09 agosto, 2015

EH, MEU PAI!


Como de praxe nesta data, divido este poemeu com as pessoas cujo pai já foi viajar. Parafraseando Boldrin, fora ou dentro do combinado. Poema ilustrado, como sempre, pela heraclitiana canção "Poeira". A presente versão é de CARLINHOS VEIGA.
Saravá, Véi Leite!





eh meu pai!

         [poeira entra em meus olhos
         não fico zangado não
         pois sei que quando eu morrer
         meu corpo irá para o chão
         se transformar em poeira
         poeira vermelha
         poeira do meu sertão
         (que ouvi com o Duo Glacial lá pelos meus seis carnavais)]

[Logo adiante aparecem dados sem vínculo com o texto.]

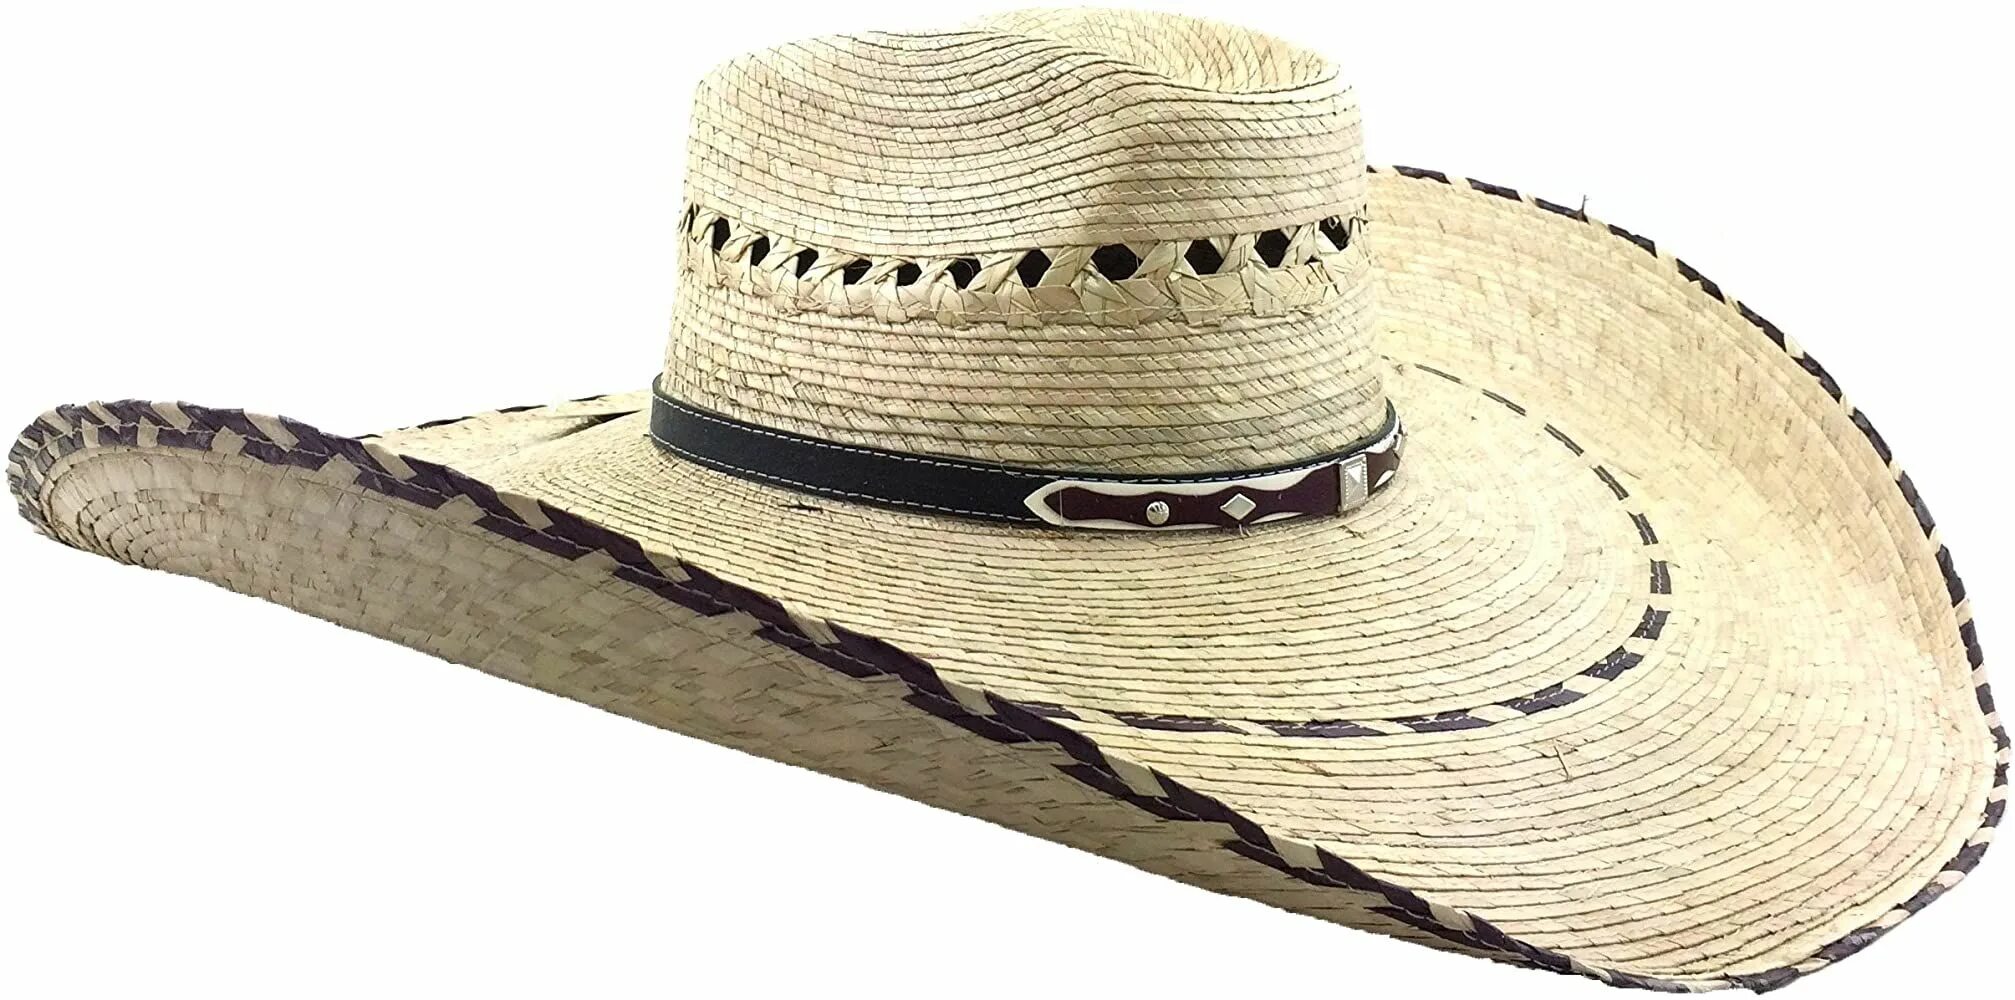 Шляпа Федора Гаучо. Шляпа ранчо. Cowboy big шляпа. Белая ковбойская шляпа с блестками. Мужская шляпа кроссворд

eh meu pai nosso que estais comigo
santificado seja o nosso rumo
caminhas por onde estou
como eu danças no bojo do vento que brinca nesta beiramar
onde mulheres bonitas
         - ah como tu irias gostar de vê-las!
cheirosas balançando suas nádegas
prestes a romper justas malhas coloridas
         e ofuscar o sol
         maravilhar o sol
beiramar continuação
embora aparentemente distante
da morada da tua ex-carne
aparente porque quando olho tu olhas
sentes a escuma da cerveja que bebo
e te escuto a bronquear por minha barba
e meu cabelo comprido que este nosso vento bagunça
         e aquela do jogo de futebol entre cabelo ruim e cabelo bom? hein?
         sabes que riem quando esta tua nossa história
e outra vez desobedeço
filho do Leite que sou
e se fosse diferente terias vergonha de mim
como teve em Pedregulho
enquanto me gritavas teu orgulho
         - na nossa família tem criminoso; ladrão, não!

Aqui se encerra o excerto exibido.